My only claim to fame as a mother of a camper is the care package I send every year. Some mothers lovingly bake cookies, find lovely treats, send notes and cards and send e-mail through the system where you pay to e-mail your child, less they forget you are still hovering over them and interfering with all of their fun. I drop my child, after being made to wait for the bus to leave, and head to China Town. I head into Owajima and spend about an hour finding a nice variety of items. Packages with little dancing fish and bears in brightly colored wrapping dancing on the surface and no food label are my favorite. I fill a box of such treasures and off it goes. I figure most of it is fed to the raccoons.


I don't ever send the really really bad stuff. I should just for fun. the picked fish heads, the toasted tiny fish skeletons and other such mysteries. It could be a fun fun package if I could imagine some sort of consumption and not just screeches from the girls.


I am just so glad she is at camp. This is her favorite thing. She is coming back to unhappy but necessary "procedures". Her summer will end August 10th. Surgery on both legs to lengthen her calf muscles. More later. It is too YUCK to think about today.
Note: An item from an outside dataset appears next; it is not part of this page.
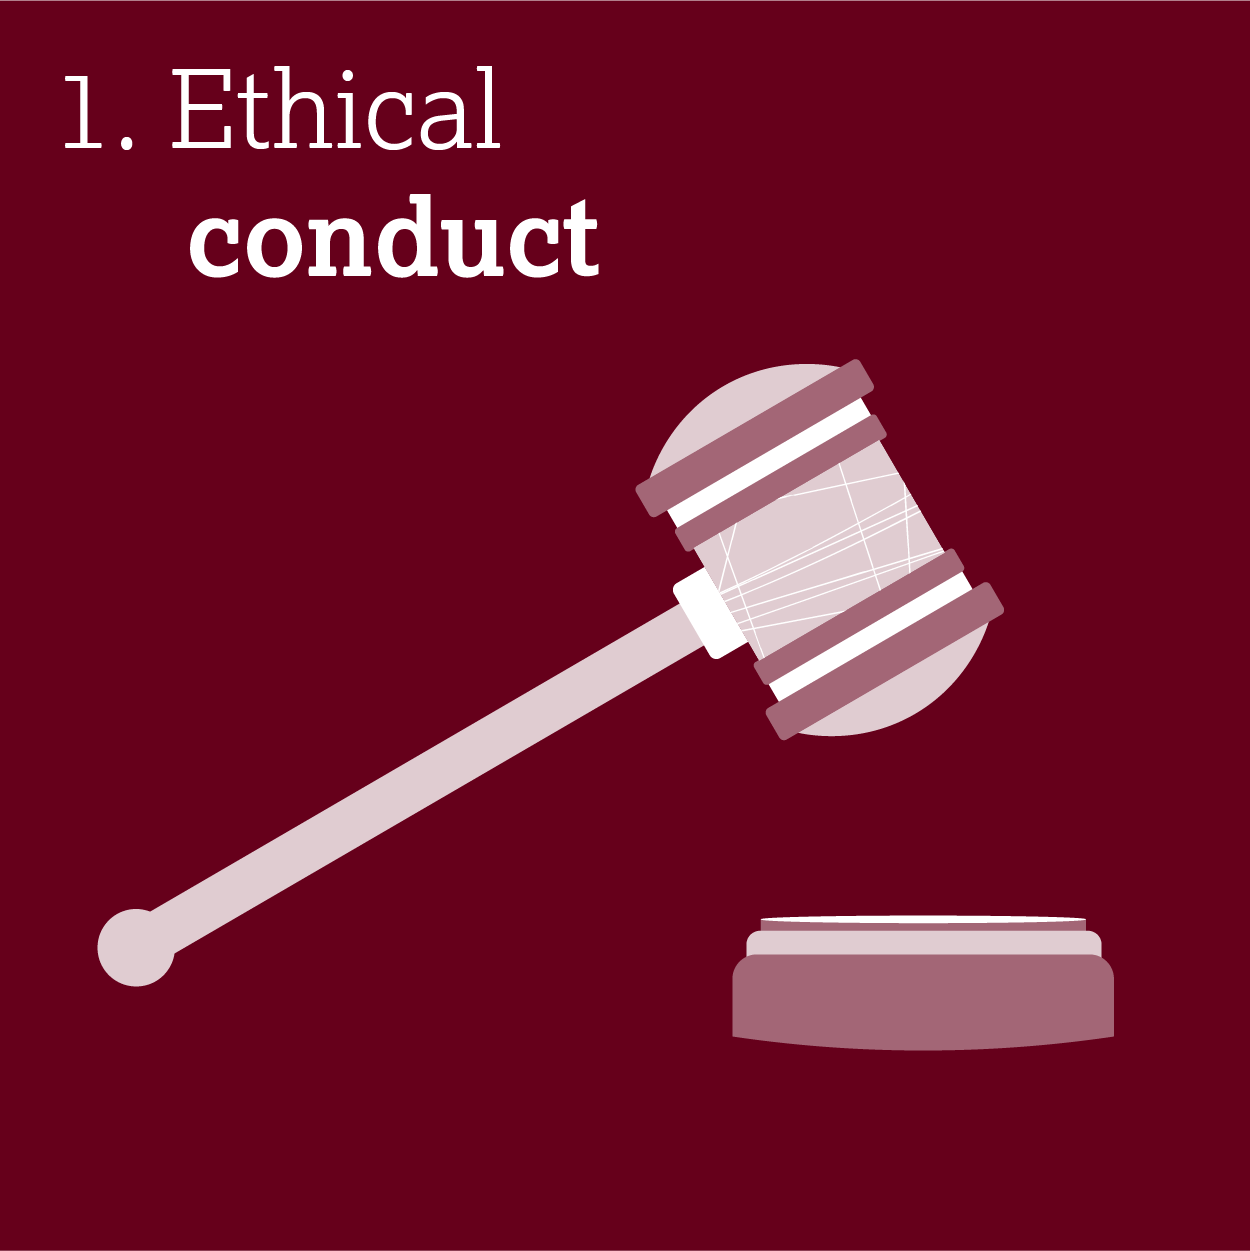 1. Ethical conduct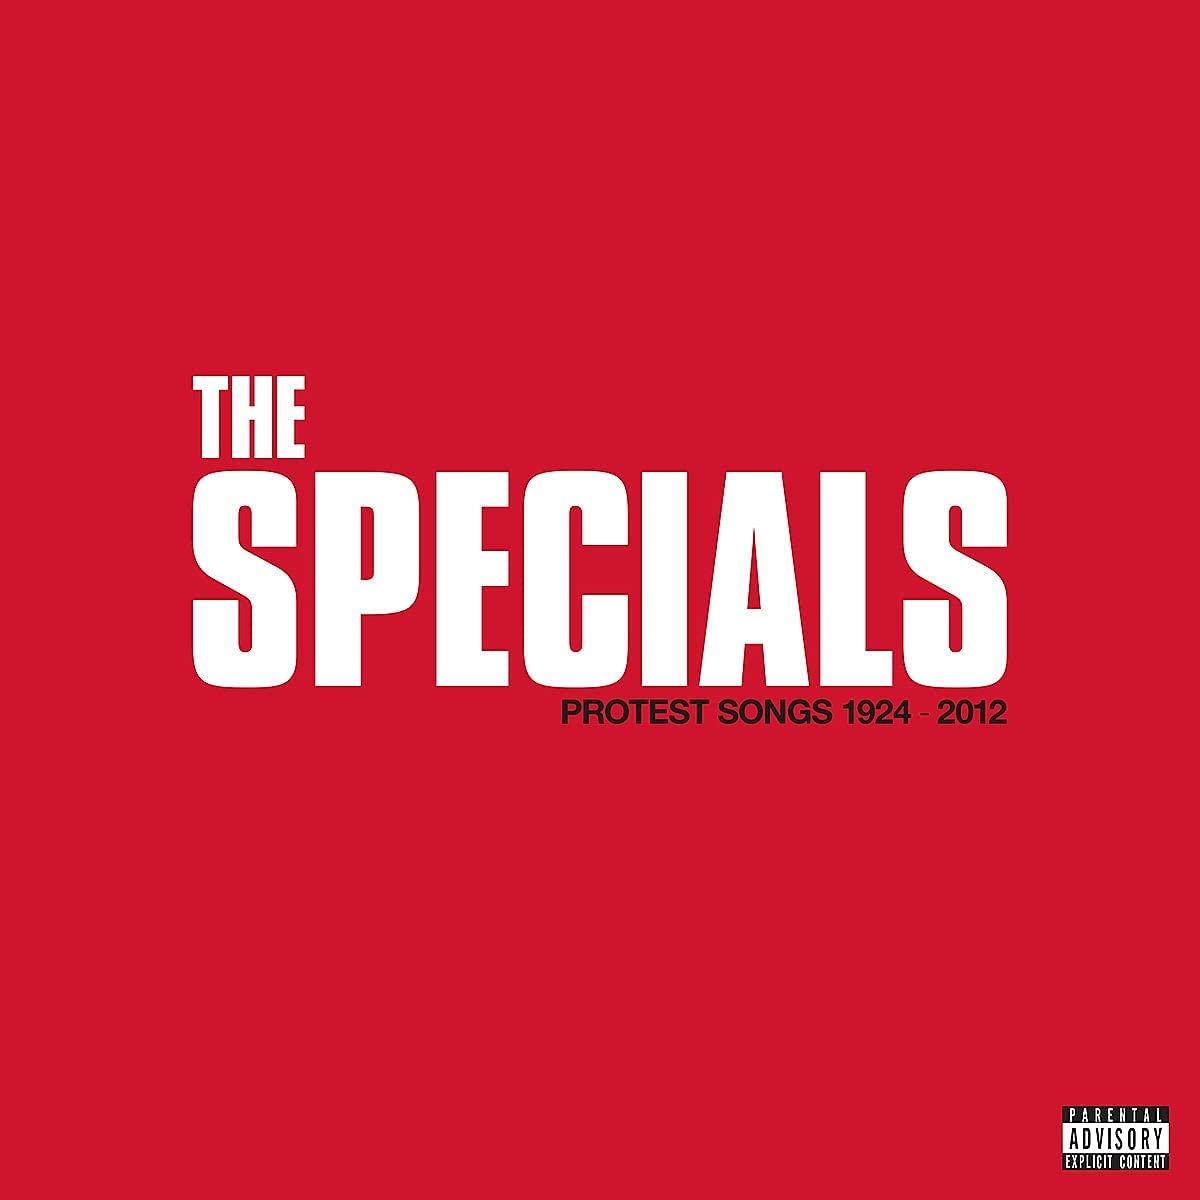 THE SPECIALS - Protest Songs 1924-2012 [Deluxe Ed. w/ 2 Exclusive Tracks] - Mintpack CD

Today I am thinking about gummy weird candy that no one can identify.

Tuesday, July 07, 2009

Birthdays, Non Parties and other Matters







She is now 17 years old. Hard to believe. She spent her birthday with Grampa and other Grampa in Eugene. Her father and clan went for a three day visit. In ways it seemed odd to have them going to visit and not me but then in other ways it was more than fine. I was at home and doing some minor gardening projects and then took off to visit Margaret and Mary-Jane's Whidby Island cabin. (That is certainly something I intend to do more.)






I came home on Saturday to find the porch filled with boxes addressed to the birthday girl and plants that were more than happy that the marine layer was coming for a long visit. (We don't do well in 80 degree weather.)






Mary-Elizabeth came home and promptly attended her first R rated movie without adult supervision. Of course she wanted me to come give her a ride home because the "bus takes too long". Gee.....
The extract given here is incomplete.